↓

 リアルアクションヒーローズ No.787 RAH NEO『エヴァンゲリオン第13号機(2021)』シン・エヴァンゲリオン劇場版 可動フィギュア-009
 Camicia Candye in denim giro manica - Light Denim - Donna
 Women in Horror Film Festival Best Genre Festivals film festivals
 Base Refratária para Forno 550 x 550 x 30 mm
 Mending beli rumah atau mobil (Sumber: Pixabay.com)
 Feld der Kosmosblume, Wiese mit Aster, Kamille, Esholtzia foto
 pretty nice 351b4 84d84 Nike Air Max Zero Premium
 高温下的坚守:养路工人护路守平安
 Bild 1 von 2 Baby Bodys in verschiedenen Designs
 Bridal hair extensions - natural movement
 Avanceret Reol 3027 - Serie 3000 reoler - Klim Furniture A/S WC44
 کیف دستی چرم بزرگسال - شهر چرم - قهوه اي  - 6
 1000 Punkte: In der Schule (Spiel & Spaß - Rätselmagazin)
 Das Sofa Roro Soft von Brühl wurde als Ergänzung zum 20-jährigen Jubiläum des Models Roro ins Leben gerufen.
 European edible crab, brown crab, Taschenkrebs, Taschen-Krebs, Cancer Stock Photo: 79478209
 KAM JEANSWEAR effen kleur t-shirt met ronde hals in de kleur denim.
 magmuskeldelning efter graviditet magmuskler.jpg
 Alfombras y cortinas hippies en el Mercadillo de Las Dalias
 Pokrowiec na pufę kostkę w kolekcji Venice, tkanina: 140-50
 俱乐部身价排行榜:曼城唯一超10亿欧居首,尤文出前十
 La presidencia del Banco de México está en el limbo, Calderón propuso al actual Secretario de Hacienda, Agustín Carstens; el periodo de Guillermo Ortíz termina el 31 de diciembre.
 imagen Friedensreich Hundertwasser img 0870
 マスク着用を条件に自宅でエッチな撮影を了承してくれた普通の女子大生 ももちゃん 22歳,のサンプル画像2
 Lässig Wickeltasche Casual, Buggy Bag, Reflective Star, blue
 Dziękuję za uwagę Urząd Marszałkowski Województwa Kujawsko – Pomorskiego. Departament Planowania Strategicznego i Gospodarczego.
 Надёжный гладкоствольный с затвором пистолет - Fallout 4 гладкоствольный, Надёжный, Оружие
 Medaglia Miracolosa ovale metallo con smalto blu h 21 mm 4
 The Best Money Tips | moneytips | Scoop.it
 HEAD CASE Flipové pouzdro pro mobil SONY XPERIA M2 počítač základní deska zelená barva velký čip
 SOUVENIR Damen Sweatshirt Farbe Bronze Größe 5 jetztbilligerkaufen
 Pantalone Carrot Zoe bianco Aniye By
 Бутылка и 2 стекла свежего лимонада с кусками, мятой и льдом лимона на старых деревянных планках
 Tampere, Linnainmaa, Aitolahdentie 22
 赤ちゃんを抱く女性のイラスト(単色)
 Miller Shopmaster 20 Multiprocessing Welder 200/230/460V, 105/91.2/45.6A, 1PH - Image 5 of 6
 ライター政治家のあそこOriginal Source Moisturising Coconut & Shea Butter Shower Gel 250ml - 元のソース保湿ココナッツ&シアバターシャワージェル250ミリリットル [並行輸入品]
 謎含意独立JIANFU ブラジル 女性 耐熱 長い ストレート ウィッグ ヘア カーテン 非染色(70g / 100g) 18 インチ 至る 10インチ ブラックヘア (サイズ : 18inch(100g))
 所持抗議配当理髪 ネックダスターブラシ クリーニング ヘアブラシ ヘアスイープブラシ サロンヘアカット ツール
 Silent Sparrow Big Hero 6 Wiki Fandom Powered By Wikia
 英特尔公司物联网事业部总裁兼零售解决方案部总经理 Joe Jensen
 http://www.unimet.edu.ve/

↑

ABOUT THIS EXERCISE
Copy whichever lines in the listing above hold "Best".

RESULT OF THE EXERCISE
 Women in Horror Film Festival Best Genre Festivals film festivals
 The Best Money Tips | moneytips | Scoop.it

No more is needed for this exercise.